E concluo, como concluí pouquíssimo tempo após seu nascimento, que da morte de um filho a gente nunca se recupera. E, mais que isso, quando uma mãe fica órfã de seu filho, é como se todas nós, mães, ficássemos um pouco órfãs também. É uma perda irreparável, a potência que não se transformou em ato, como orientava o filósofo, há muito tempo atrás.

Mas, do alto do meu lugar de mãe de um guri com quase 2 anos, que começa, dentro dos seus limites, a reivindicar sua própria autonomia, à medida que adquire consciência de que é um sujeito nele mesmo, como lidar com o fato de que, sim, bebês crescem, e tendem a buscar cada vez mais o mundo, longe da gente?

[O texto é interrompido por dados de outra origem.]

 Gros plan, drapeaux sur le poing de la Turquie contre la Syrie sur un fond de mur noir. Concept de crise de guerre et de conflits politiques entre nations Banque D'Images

É uma questão difícil, e que uma tragédia como essa traz à tona da forma mais cruel possível: não, ninguém está livre de ser uma vítima fatal num evento trágico como esse.

Luca irá crescer, irá amadurecer, e vai começar a buscar seu lugar no mundo de forma cada vez mais consciente e ativa. E isso significa que eu, mãe dele, não poderei mais protege-lo das quedas, como faço hoje em dia, que ele ainda não se equilibra direito sobre as próprias pernas. Significa aceitar que crescer implica sim, em algum nível de sofrimento, porque o sofrimento também nos ensina muitas coisas, como ensinaram a mim, e a meus pais também. Crescer, também, implica em assumir responsabilidades pelas próprias escolhas e às vezes a gente se equivoca nas escolhas.

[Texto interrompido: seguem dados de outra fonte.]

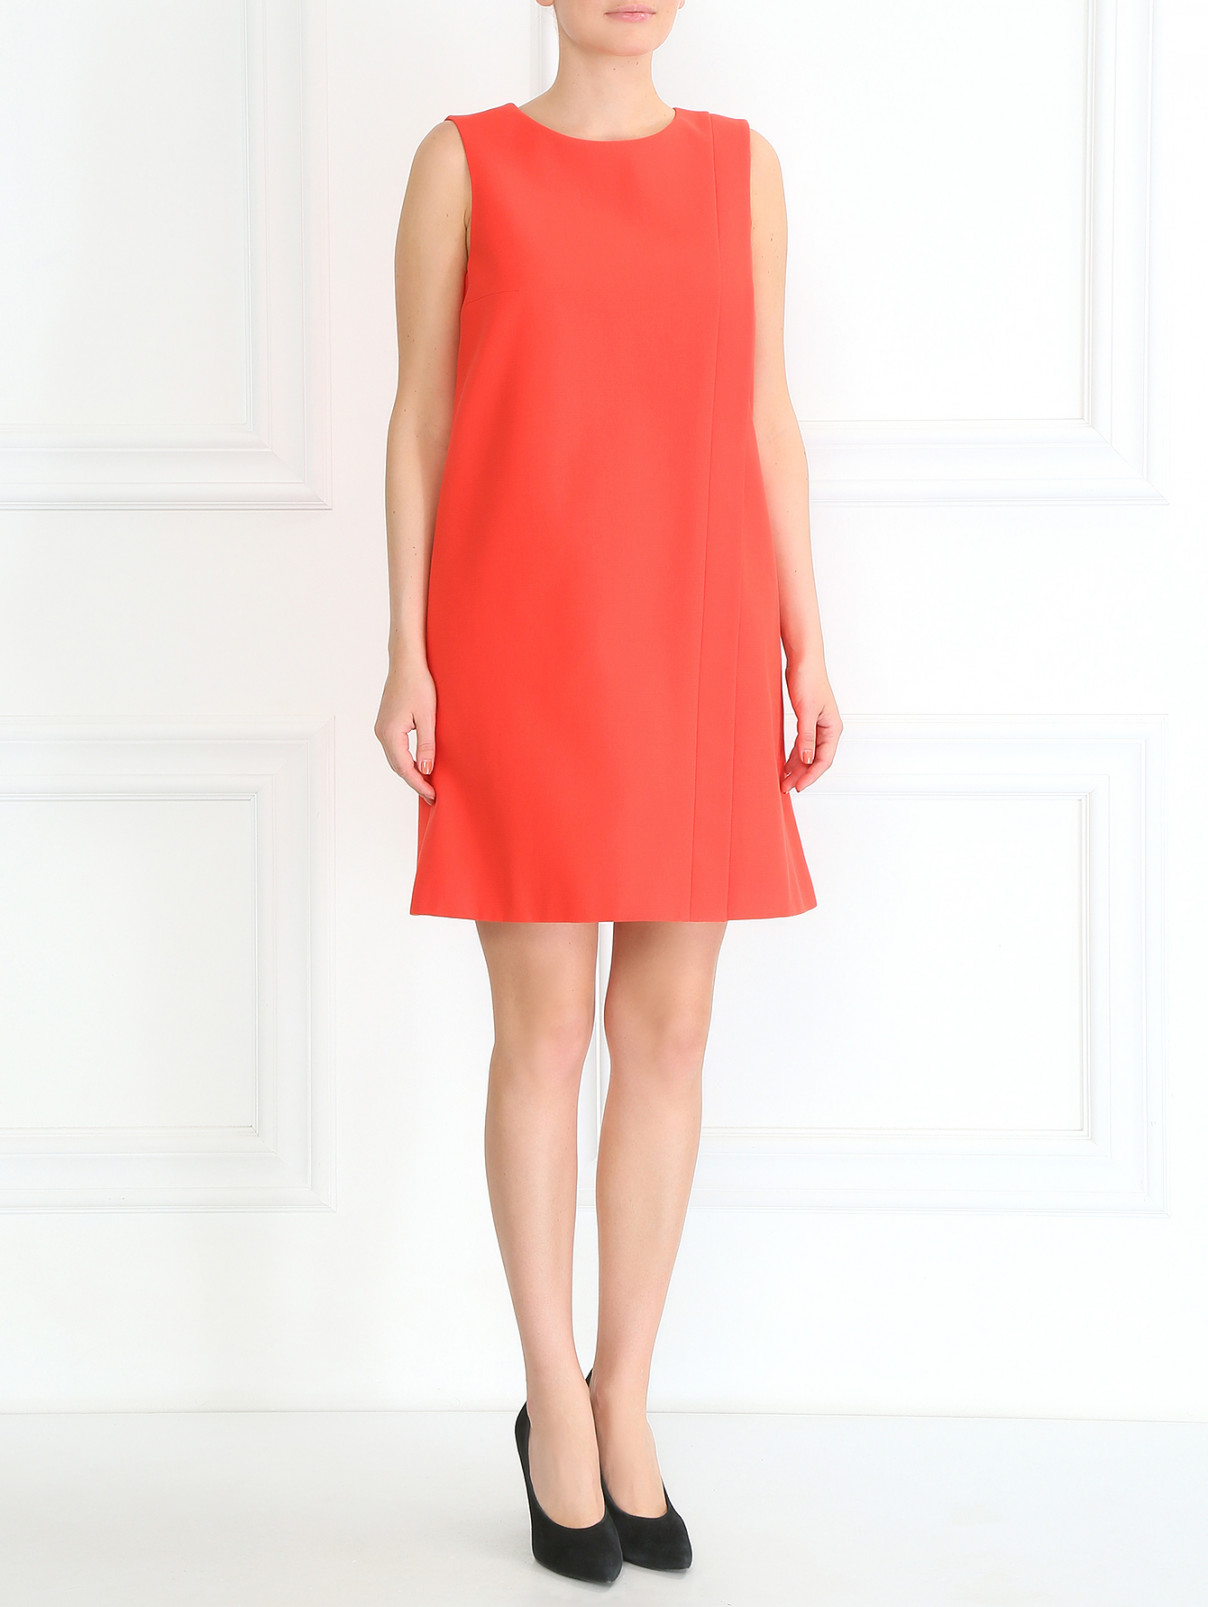 Платье-мини из хлопка с боковыми карманами Paule Ka  –  Модель Общий вид  – Цвет:  Красный

Talvez eu esteja chovendo no molhado por dizer tudo isso, mas acho que o post é um desabafo, uma necessidade interna de me conformar que não, não tem mais volta. Coloquei um ser humano nesse mundo, e ele terá o direito de viver como desejar, correndo os riscos que isso implicar. E como negar-lhe esse direito? Como querer que ele viva enrolado no plástico bolha? Sim, coisas ruins, ou muito ruins, podem acontecer, como aconteceu com esses jovens, que perderam a vida, e com suas mães, que perderam seu legado, seu futuro. Mas viver é sempre um risco. Olhando pra trás, com meu olhar de mãe, perco a conta de quantas as situações em que estive envolvida e representavam um tremendo risco e eu, paradoxalmente, me sentia segura.

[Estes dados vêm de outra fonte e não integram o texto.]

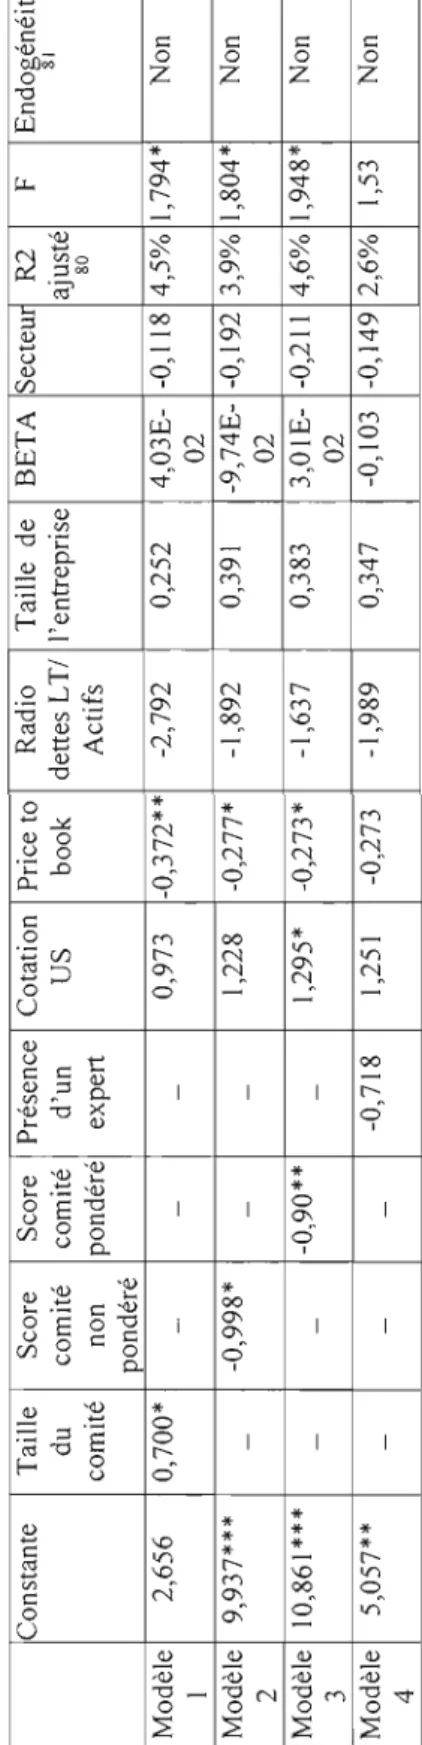 Tableau  4.18 Résultats relatifs aux caractéristiques du comité de vérification avec moindre carrée ordinaire (MCOf9  Constante Taille Score Score Présence Cotation Price to Radio Taille de BETA SecteUi R2 F  du comité comité d'un US book dettes LT/ l'entr

Então, se tem algo que essa tragédia me ensinou, além de passar a conferir a existência de extintores de incêndio e saídas de emergência em cada lugar fechado que eu adentrar a partir de agora, é que preciso me conformar com o fato de que o meu controle sobre Luca é inversamente proporcional à autonomia que ele começa a reivindicar. Poderei e irei orientar, conversar, ser uma boa ouvinte, um pouso seguro. Segurar sua mão e coloca-lo no meu colo para consola-lo. Velar seu choro e silenciar com ele. Torcer para que as quedas não sejam irreversíveis, não seja irreparáveis. Mas infelizmente não poderei, como desejo todas as vezes que ele adoece e chora com muita dor madrugadas a fio, coloca-lo de volta na minha barriga a cada vez que algo ruim lhe acontecer. O útero, o lugar mais seguro do mundo é, infelizmente, incompatível com estar no mundo.